The current status of immunotherapy for cervical cancer.

作者信息

Orbegoso Cecilia, Murali Krithika, Banerjee Susana

机构信息

Gynae Oncology Unit, The Royal Marsden NHS Foundation Trust, 203 Fulham Road, London SW3 6JJ, UK.

出版信息

Rep Pract Oncol Radiother. 2018 Nov-Dec;23(6):580-588. doi: 10.1016/j.rpor.2018.05.001. Epub 2018 May 18.

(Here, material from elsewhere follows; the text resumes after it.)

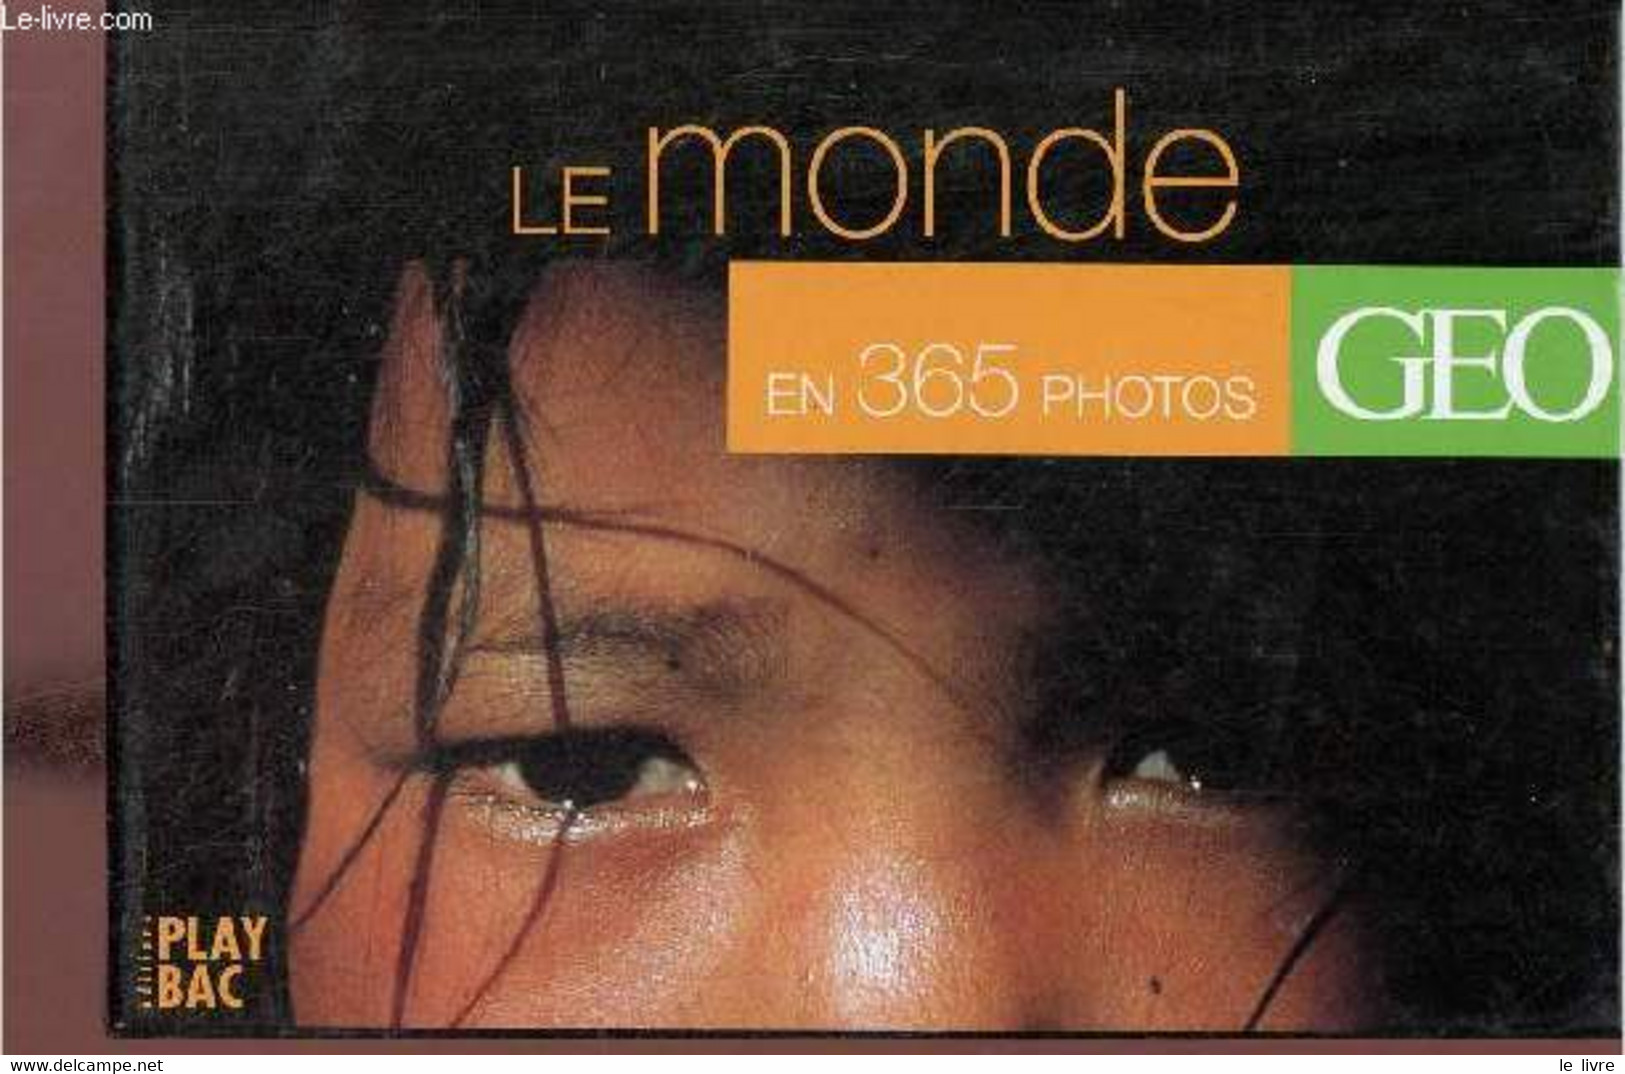 Le Monde En 365 Photos - Geo. - Collectif - 2001 - Agenda & Kalender
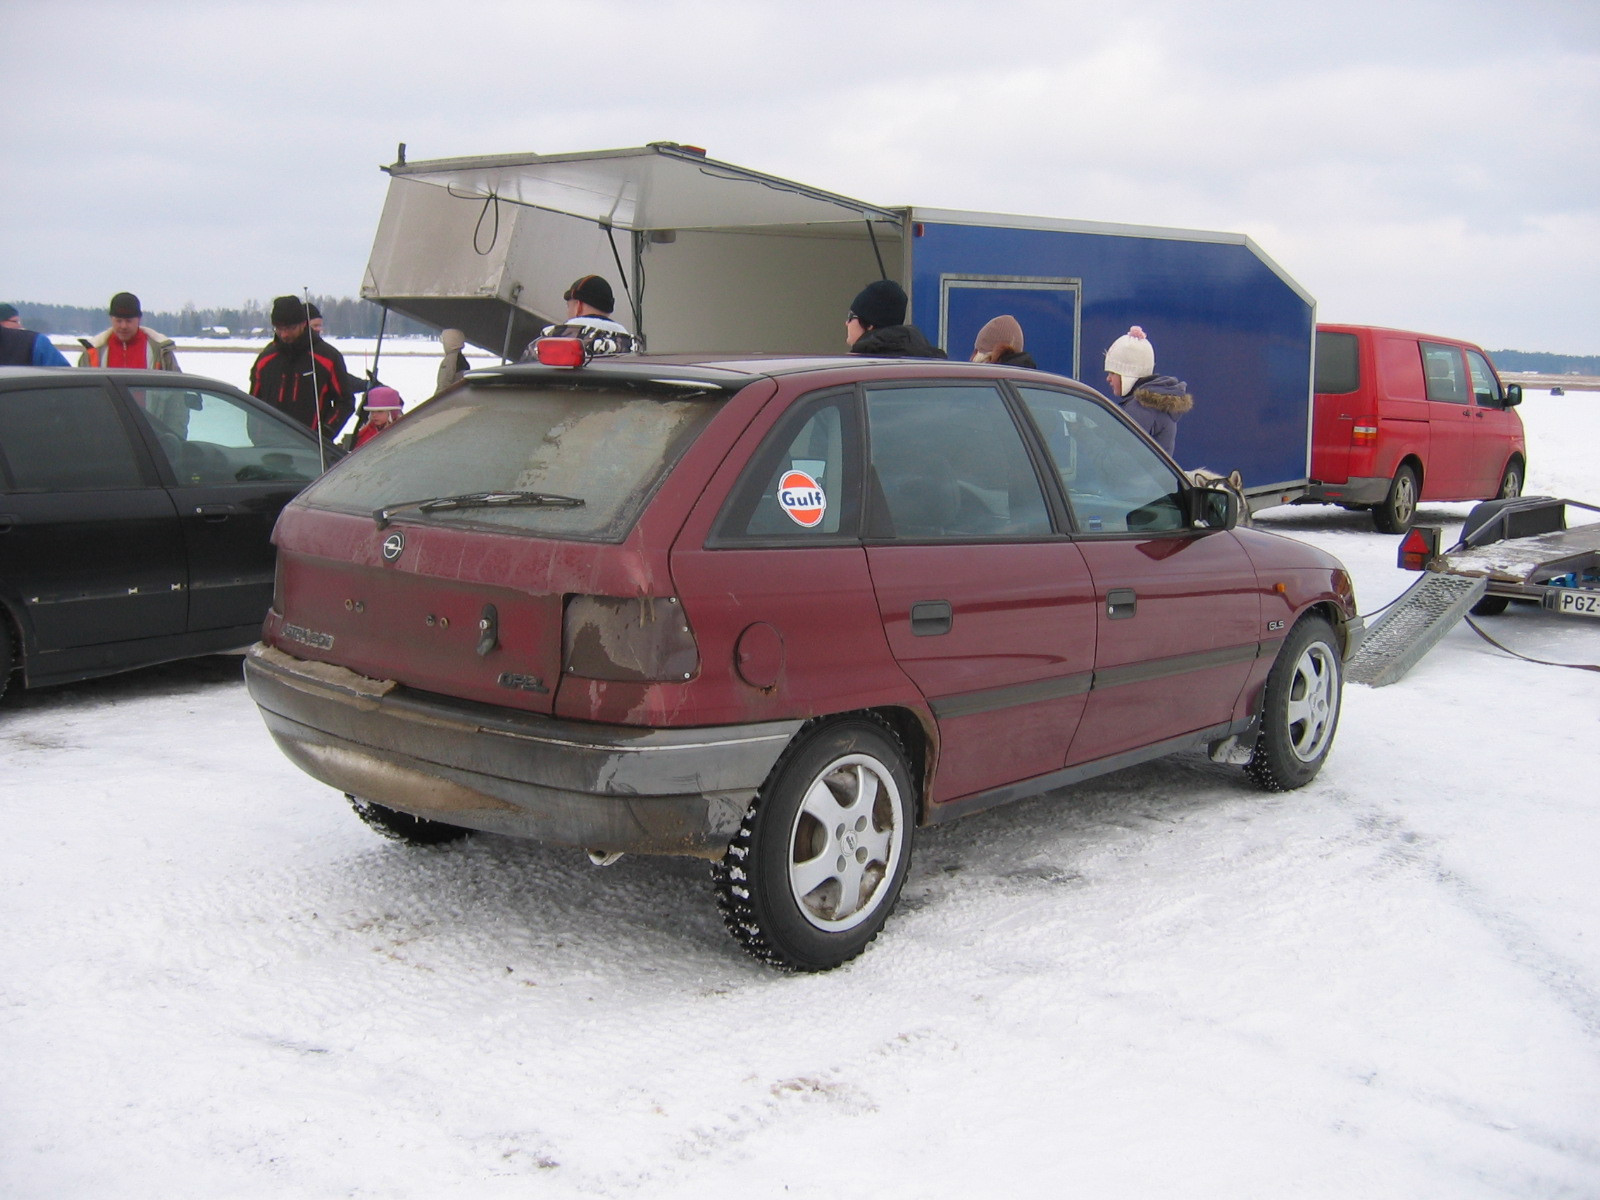 TalvipÃ¶rinÃ¤t KantelejÃ¤rvellÃ¤ 22.2.2009, Punainen Opel Astra

DOI:10.1016/j.rpor.2018.05.001
PMID:30534022
原文链接:https://pmc.ncbi.nlm.nih.gov/articles/PMC6277269/
Abstract

Immunotherapy has been proven effective in several tumours, hence diverse immune checkpoint inhibitors are currently licensed for the treatment of melanoma, kidney cancer, lung cancer and most recently, tumours with microsatellite instability. There is much enthusiasm for investigating this approach in gynaecological cancers and the possibility that immunotherapy might become part of the therapeutic landscape for gynaecological malignancies. Cervical cancer is the fourth most frequent cancer in women worldwide and represents 7.9% of all female cancers with a higher burden of the disease and mortality in low- and middle-income countries. Cervical cancer is largely a preventable disease, since the introduction of screening tests, the recognition of the human papillomavirus (HPV) as an etiological agent, and the subsequent development of primary prophylaxis against high risk HPV subtypes. Treatment for relapsed/advanced disease has improved over the last 5 years, since the introduction of antiangiogenic therapy. However, despite advances, the median overall survival for advanced cervical cancer is 16.8 months and the 5-year overall survival for all stages is 68%. There is a need to improve outcomes and immunotherapy could offer this possibility. Clinical trials aim to understand the best timing for immunotherapy, either in the adjuvant setting or recurrent disease and whether immunotherapy, alone or in combination with other agents, improves outcomes.

摘要

免疫疗法已在多种肿瘤中被证明有效,因此目前多种免疫检查点抑制剂已获批用于治疗黑色素瘤、肾癌、肺癌,最近还用于治疗微卫星不稳定的肿瘤。人们对在妇科癌症中研究这种方法充满热情,并且免疫疗法有可能成为妇科恶性肿瘤治疗方案的一部分。宫颈癌是全球女性中第四常见的癌症,占所有女性癌症的7.9%,在低收入和中等收入国家,该病的负担和死亡率更高。宫颈癌在很大程度上是一种可预防的疾病,自从引入筛查测试、认识到人乳头瘤病毒(HPV)是病原体以及随后开发针对高危HPV亚型的一级预防措施以来。自引入抗血管生成疗法以来,复发性/晚期疾病的治疗在过去5年中有所改善。然而,尽管取得了进展,晚期宫颈癌的中位总生存期为16.8个月,所有阶段的5年总生存率为68%。有必要改善治疗结果,免疫疗法可能提供这种可能性。临床试验旨在了解免疫疗法在辅助治疗或复发性疾病中的最佳时机,以及免疫疗法单独使用或与其他药物联合使用是否能改善治疗结果。